By that point, we had interviewed a fair amount of people. We were feeling pretty attached to the story and had a couple experiences of seeing the girls play live. There was one concert in particular that Shane shot, where this band of 10- to 12-year-olds called the Ready played and he was noticing that women around him watching them sing ... were openly crying. He himself was very emotional and couldn't figure out why. We asked the counselors about that — what was it that means so much to people? We were really hooked on what was going on there and feeling very strongly about whatever it was that the camp was doing for these girls. We definitely had a period where we asked ourselves, "Is this something we should be doing? Is this something we can really understand?"


The fact that we were guys [made us] sort of tourists to their experience. We started realizing that, instead of inhibiting the girls, it was actually encouraging them to talk more. Because they would say something like, "Oh, you know how it is when you think you're fat all the time. Anyway..." And we were constantly having to stop them and say, "No, what do you mean by that? That's not something I'm familiar with." So they would go back and talk in detail, and get this light in their eyes — Wow, you don't really know what our experience is. It felt like the same energy when you tell a 9-year-old, "Oh, I'd love to see that comic book that you're writing." That, Oh, you're an adult and you're actually interested in what I'm doing?


In the end, we realized this was going to be our film. It's going to be this energy between the girls and us. It's an explanation of how girls are feeling right now and how the camp really means something to them.
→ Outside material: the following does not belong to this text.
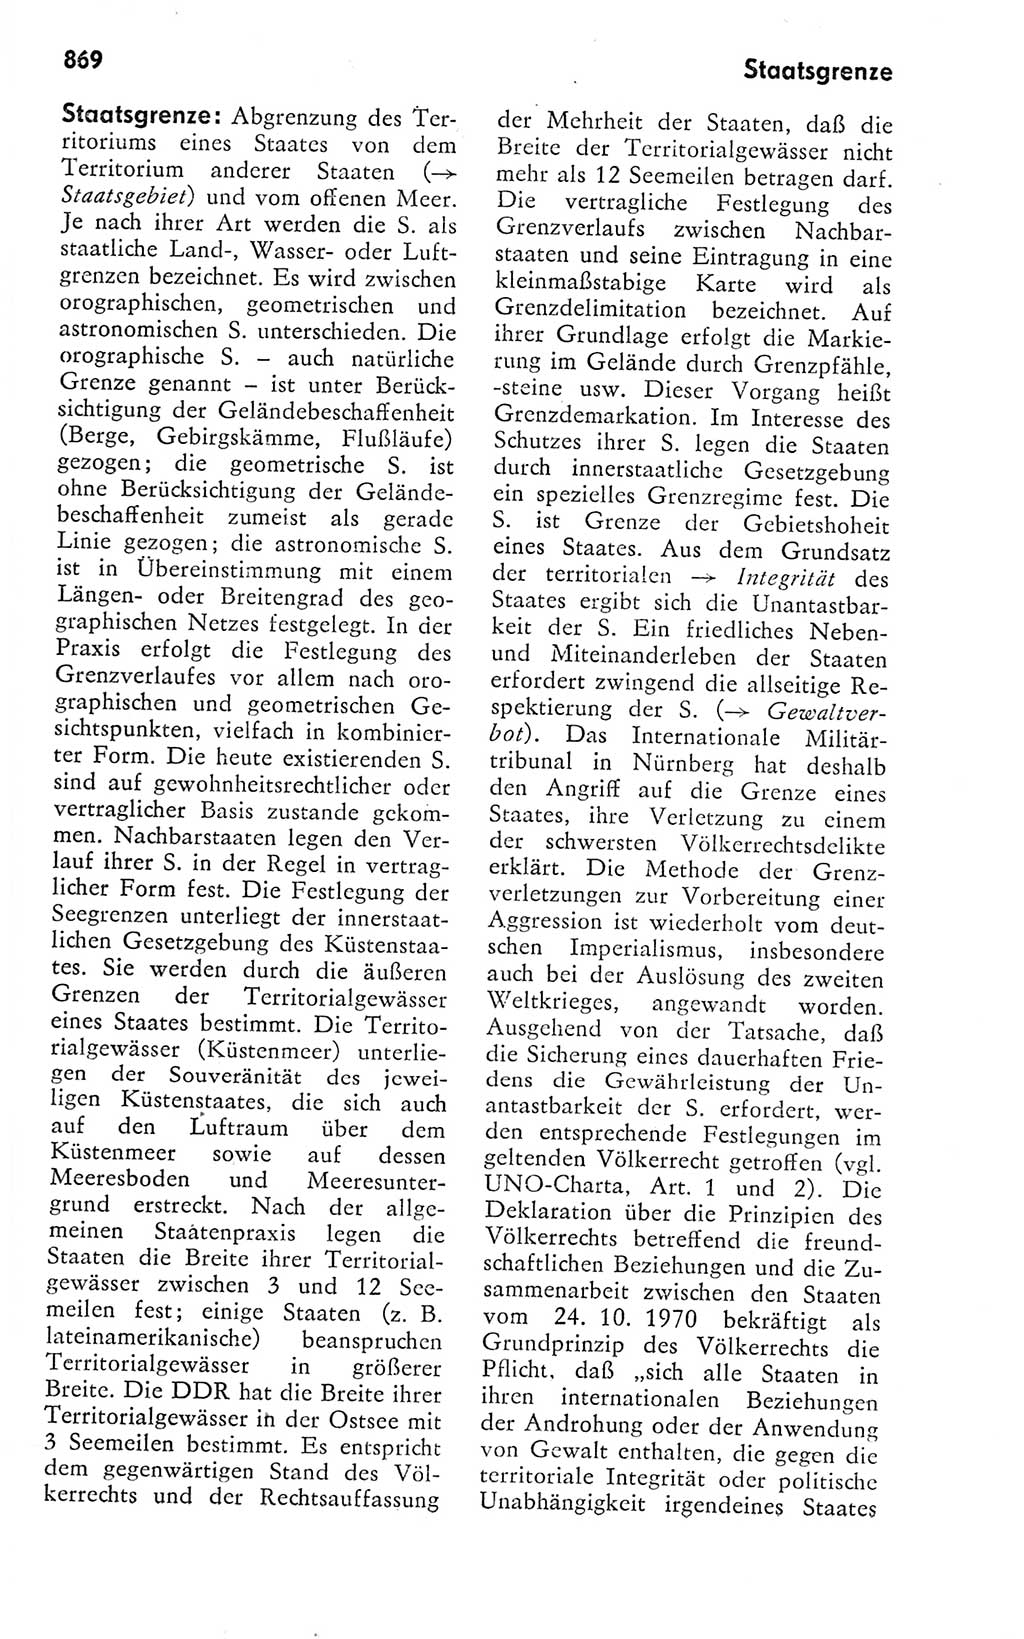 Kleines politisches Wörterbuch [Deutsche Demokratische Republik (DDR)] 1978, Seite 869 (Kl. pol. Wb. DDR 1978, S. 869)

A woman would make a very different film and probably just as good and interesting, but it would have a different angle. I'm certainly hoping lots of women will make such women-centric documentaries, but for us it was a tribute to the great stuff these girls were willing to tell us. To their credit and also to the camp's credit, they never brought it up to us that we were guys. They were worried about the camera and stuff, but they never said to us, "Oh, you are guys, you're never going to understand this stuff."
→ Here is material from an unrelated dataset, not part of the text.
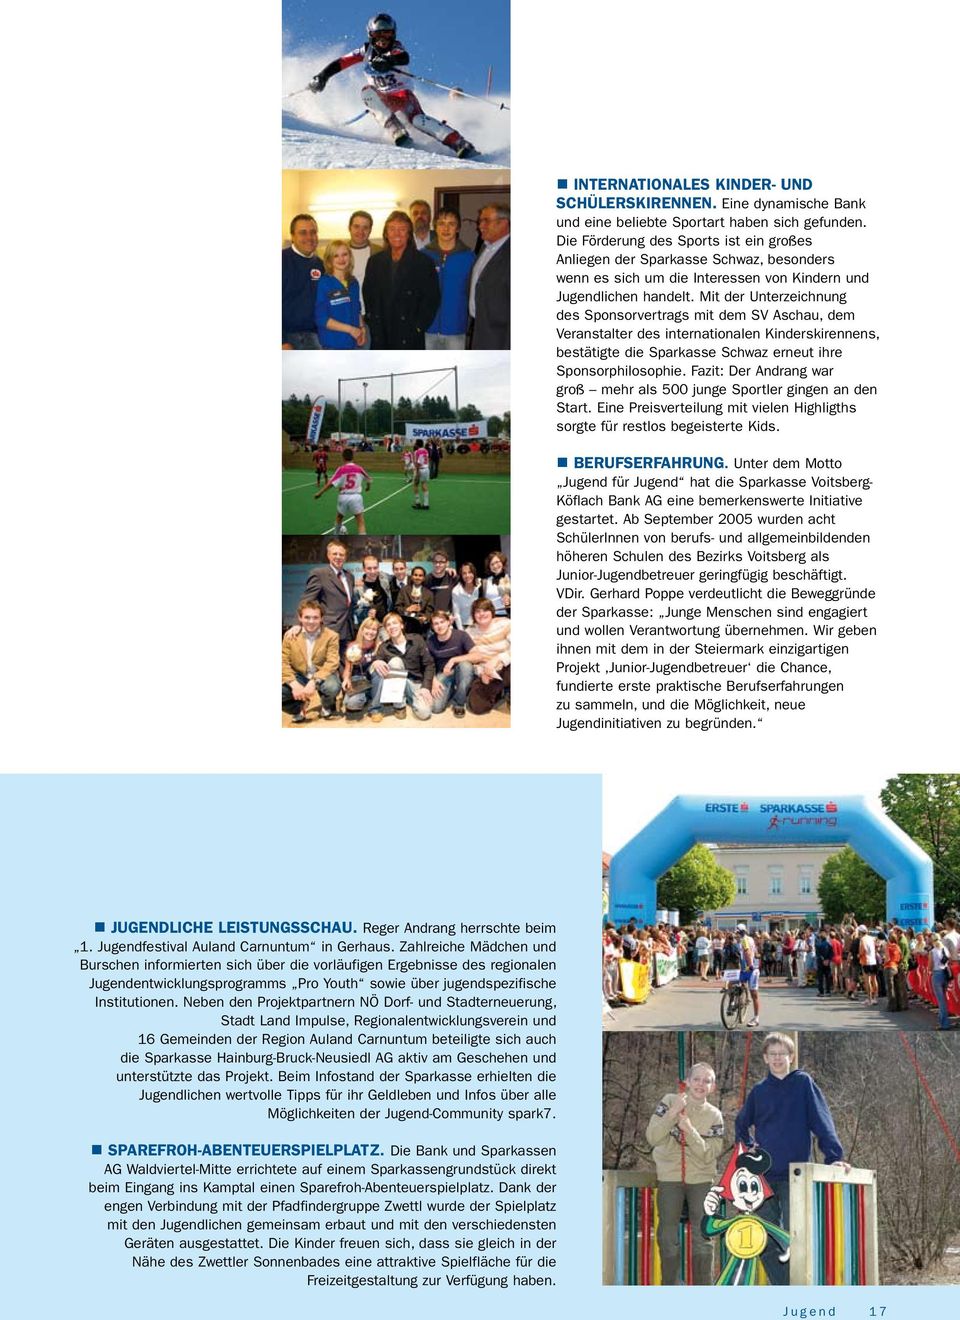 Mit der Unterzeichnung des Sponsorvertrags mit dem SV Aschau, dem Veranstalter des internationalen Kinderskirennens, bestätigte die Sparkasse Schwaz erneut ihre Sponsorphilosophie.

There's some lively animation that presents some pretty disheartening facts and statistics: "Number 1 wish of teenage girls is to lose weight"; "In 1970, the average age for girls to start dieting was 14. By 1990 it was 8."


As we were doing the interviews with the girls, we were really shocked by a lot of the stuff. So we wanted to see if this a national thing, and if there's information supporting this. As we researched that, we started to think about ways to introduce it into the movie, this other context that girls were escaping from at this camp. We met Liz Canning, who's an animator and editor here in the Bay area. We had seen some stuff on her reel that was really very similar, in a video way, to the aesthetic of the people who are at the camp, which is very pasted together and collage-y. We asked her to do a test piece on a theme — I think it was on body image — and gave her some stats to work with. That piece in there is largely what she came up with, and we were really amazed by it and asked her to do a couple more.


I'm guessing you're familiar with the Seven Up series? Have you considered returning to the camp and chronicling the girls over the years?


I was just up there last weekend interviewing all the girls for the DVD extras. Because it's been three years for the camp already and kids at that age change so fast. Amelia, for instance, if 5 inches taller than she was; I didn't know at first it was her. We're friends with all the families, so we're going to be in touch with them. Maybe in a few years we'll check in with them again. But we're also pretty conscious of the impact that we've had on their lives so far. A lot of [the subjects of the Up series] are pretty bitter about their exposure. And we really like these kids a lot, so as much as we loved doing the movie, we're not super-psyched to make their lives exposed for the rest of their existence.


Girls Rock! opens Friday, April 4, at the Avalon Theater. There will be a post-screening dance party featuring the bands Girls Rock Distortion, Blue Black Betty, and DJ Natty Boom, plus a discussion with the women of D.C.'s girl rock camp GR!DC (Girls Rock DC).